Pulsare könnten kosmische „GPS“-Navigation ermöglichen
Neben dem Flatiron-Institut erforscht auch die NASA, wie Pulsare funktionieren. In einer Anspielung auf den Jahrestag von Bells Entdeckung beobachtete das NICER-Instrument (Neutron star Interior Composition Explorer), seit Juni 2017 an Bord der ISS, auch den berühmten ersten Pulsar, der heute als PSR B1919+21 bekannt ist.
Im Mittelpunkt steht dabei auch die Frage: „Was ist in einem Pulsar?“
Die NASA möchte mit NICER auch den Weg für die zukünftige Erforschung des Weltraums ebnen. Dazu soll der zweite Teil der Mission „Station Explorer for X-ray Timing and Navigation Technology“ (SEXTANT) eine, GPS-ähnliche Fähigkeit zur Navigation erproben, allerdings auf kosmischem Maßstab.

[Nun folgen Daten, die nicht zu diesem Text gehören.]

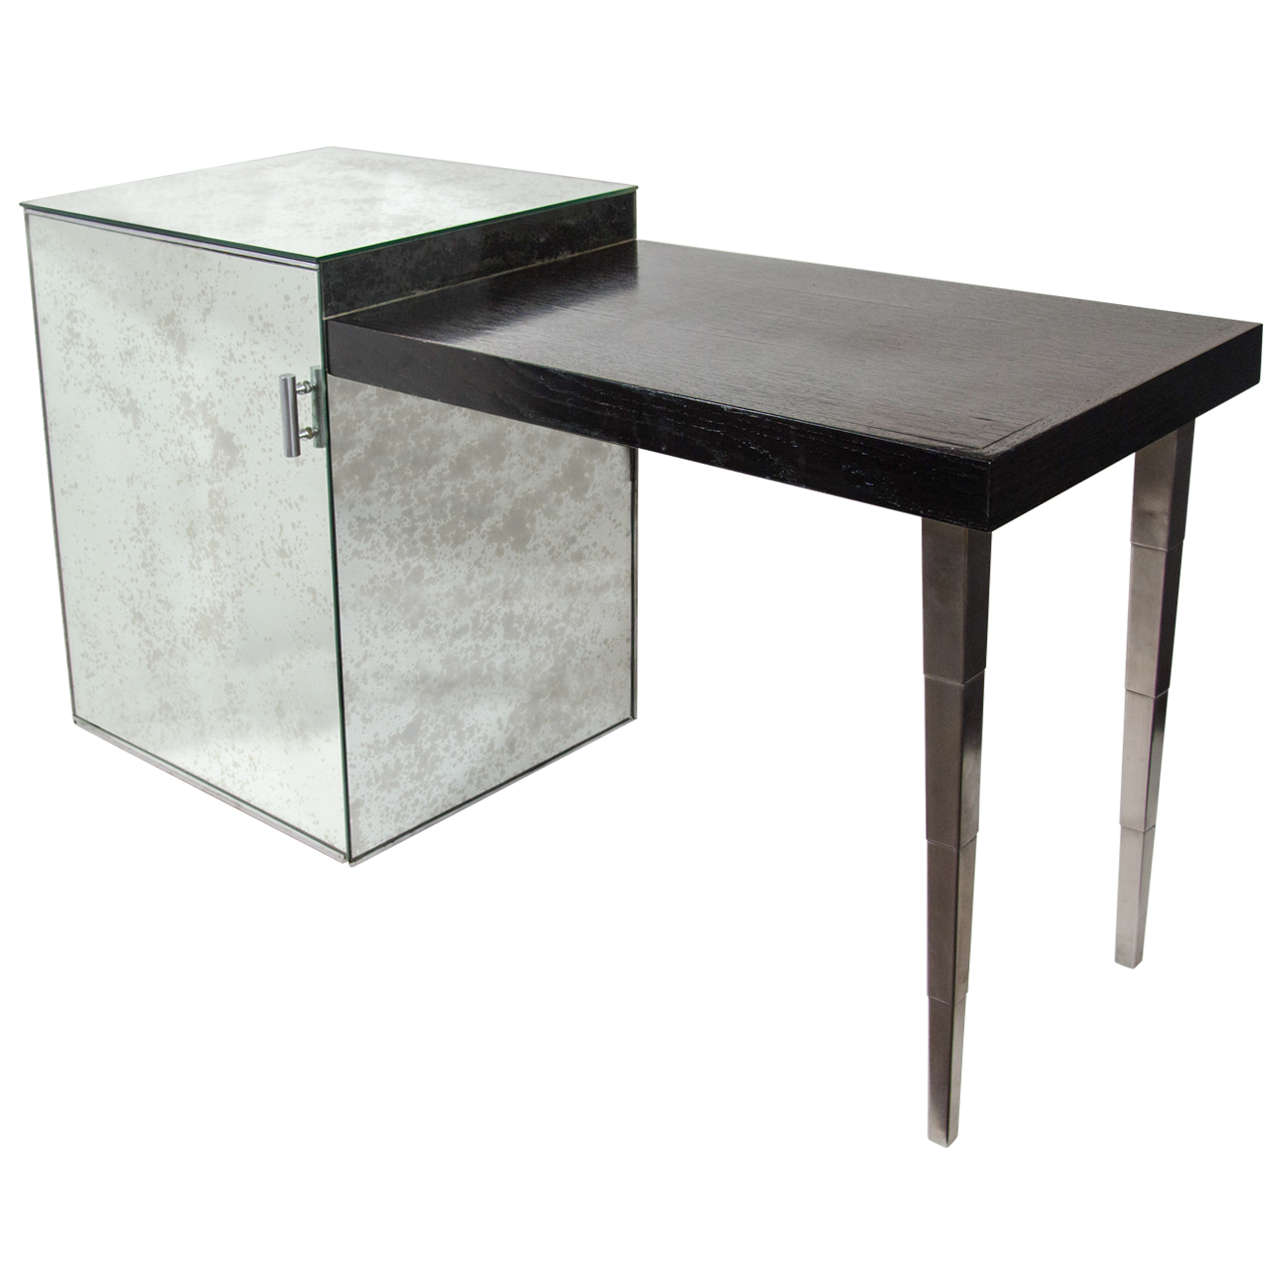 Elegant Art Deco writing table and vanity comprised of an ebonized walnut wood tabletop with an antique mirrored cabinet. The cabinet features smoked and spotted glass mirrors and has silver leaf painted interior. Features brushed nickeled support

„Man kann die Pulsationen von Pulsaren, die in viele Richtungen um ein Raumschiff herum verteilt sind, zeitlich bestimmen, um herauszufinden, wo sich das Fahrzeug befindet, und es überall hin navigieren“, sagte Arzoumanian, der auch der wissenschaftliche Leiter von NICER ist. „Genau so funktioniert das GPS-System auf der Erde, mit präzisen Uhren, die von Satelliten im Orbit geflogen werden“.